[[ Source material, beginning ]]

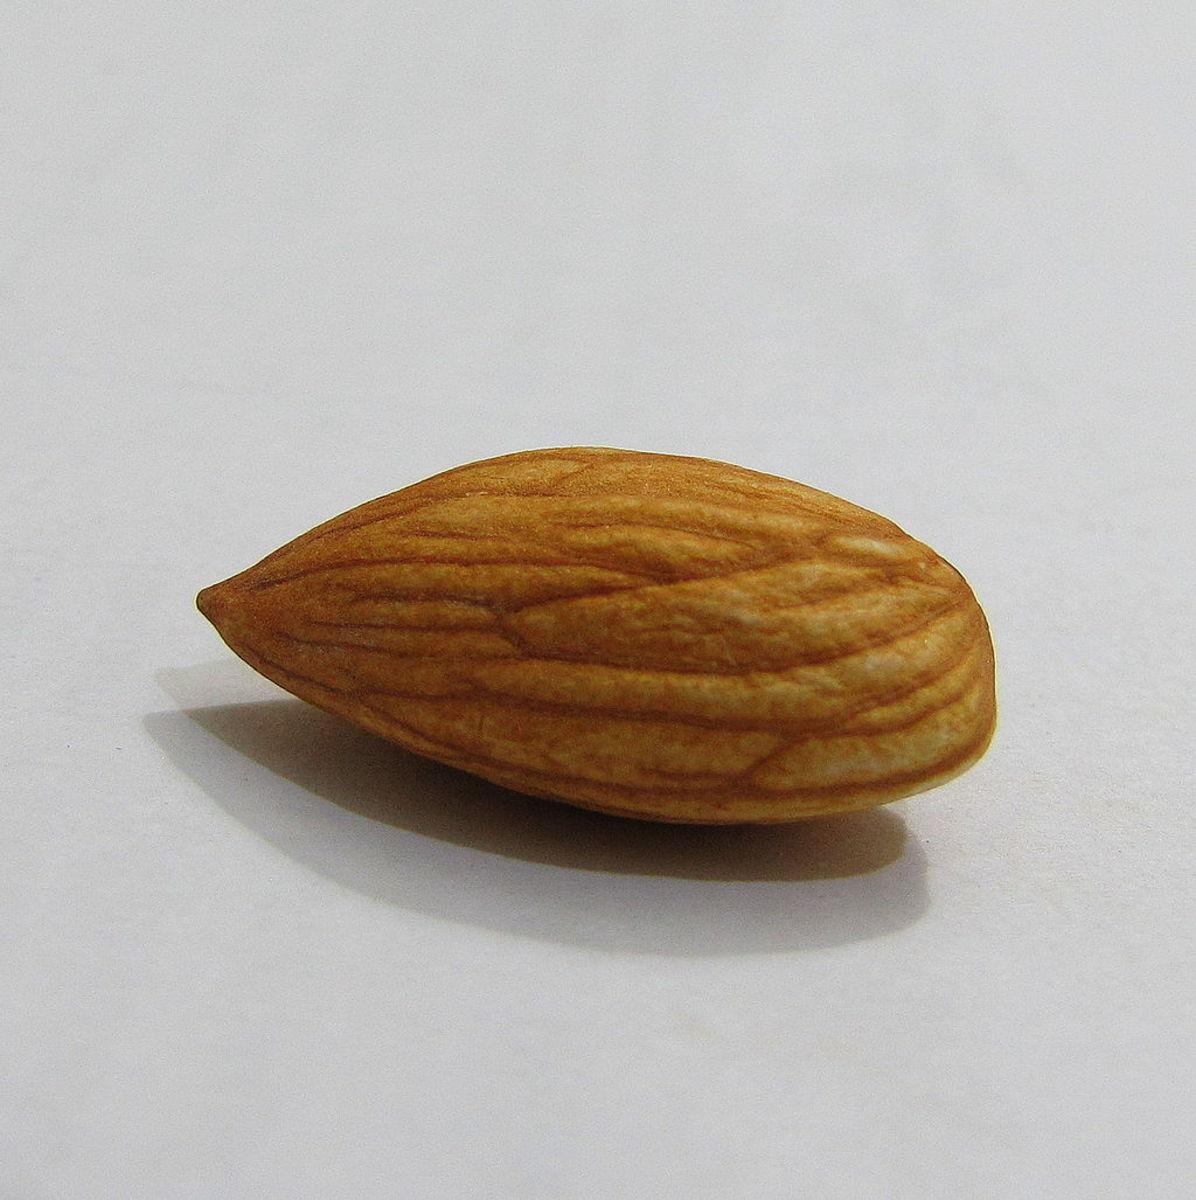 Almond gives skin lightening effect
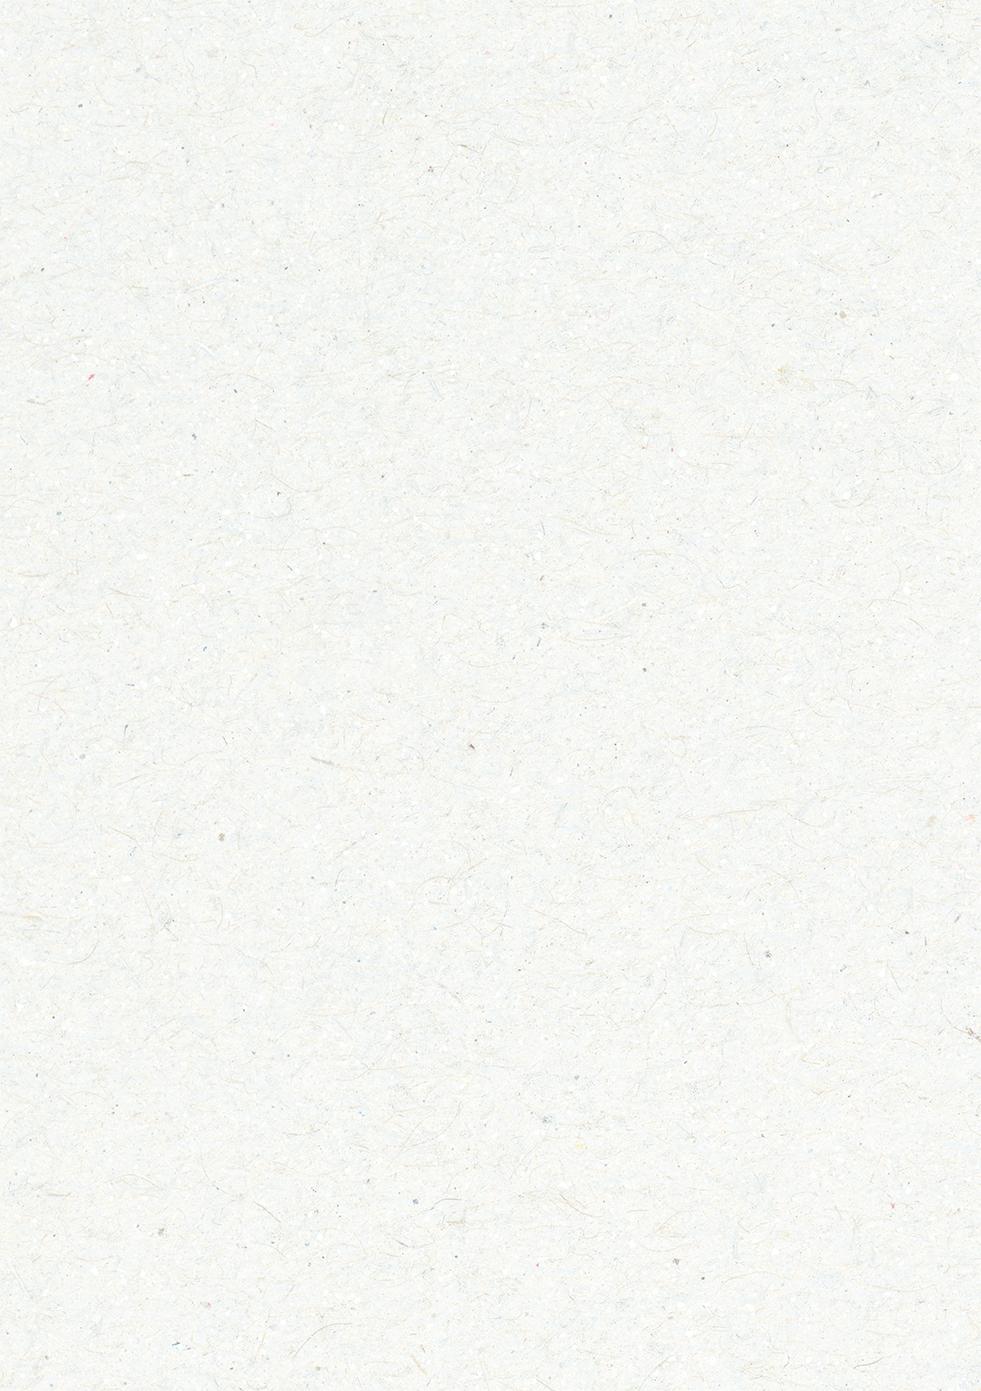 papel_textura.png
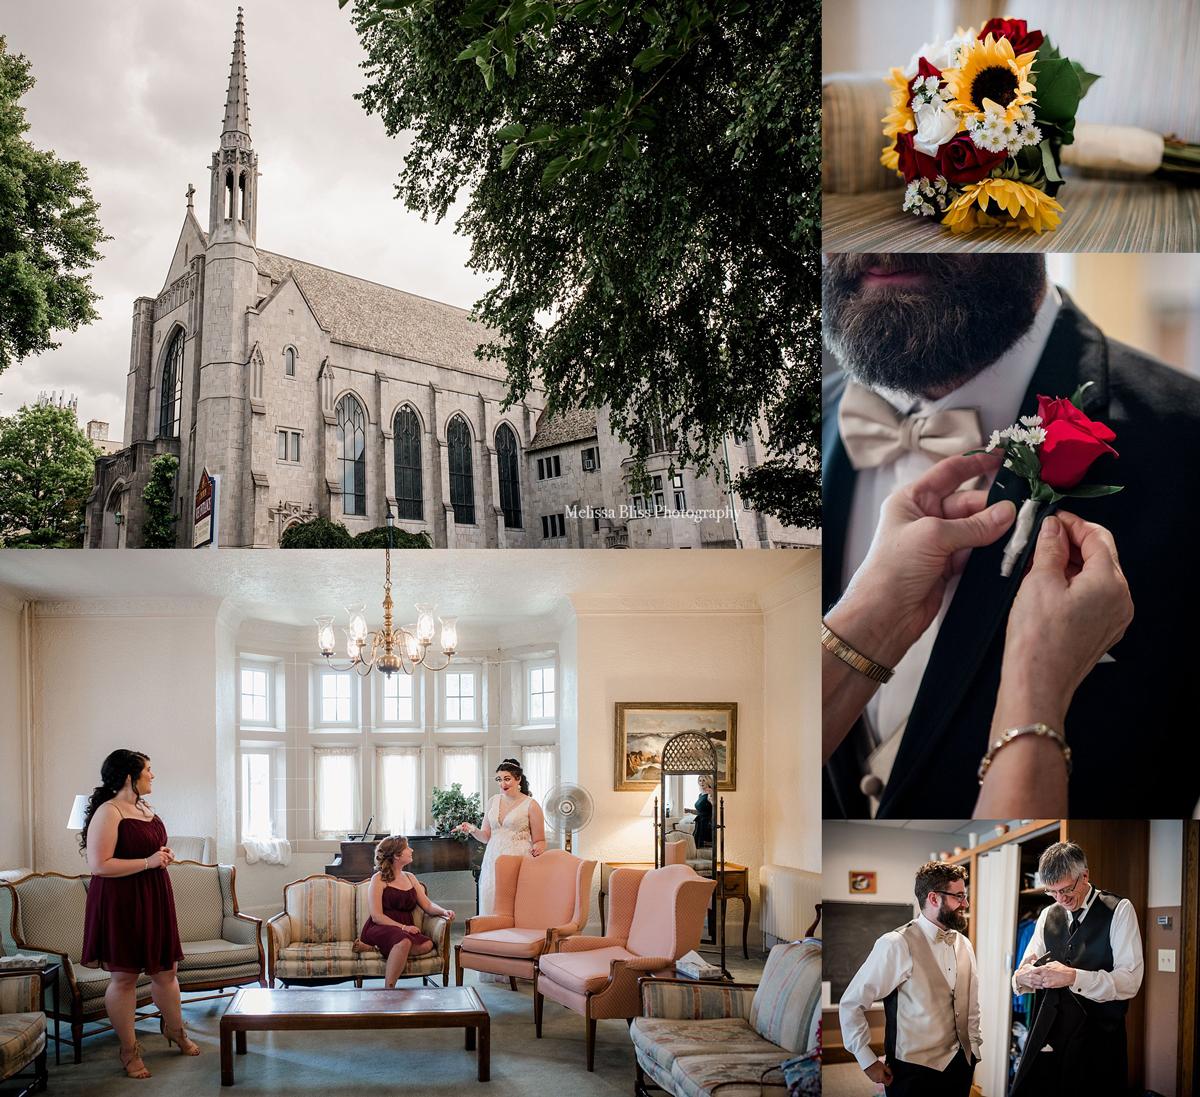 va-wedding-photographer-williamsburg-richmond-norfolk-portsmouth-va-beach-wedding-photographer-melissa-bliss-photography-destinations-PA-wedding.jpg

[[ Source material, end ]]

* Description of the task
Pictures stay out of this copy. Retype exactly the lines from the one with "papel_textura.png" through the last line of the data, both ends included, and nothing more.

* Answer to the exercise
 papel_textura.png
 va-wedding-photographer-williamsburg-richmond-norfolk-portsmouth-va-beach-wedding-photographer-melissa-bliss-photography-destinations-PA-wedding.jpg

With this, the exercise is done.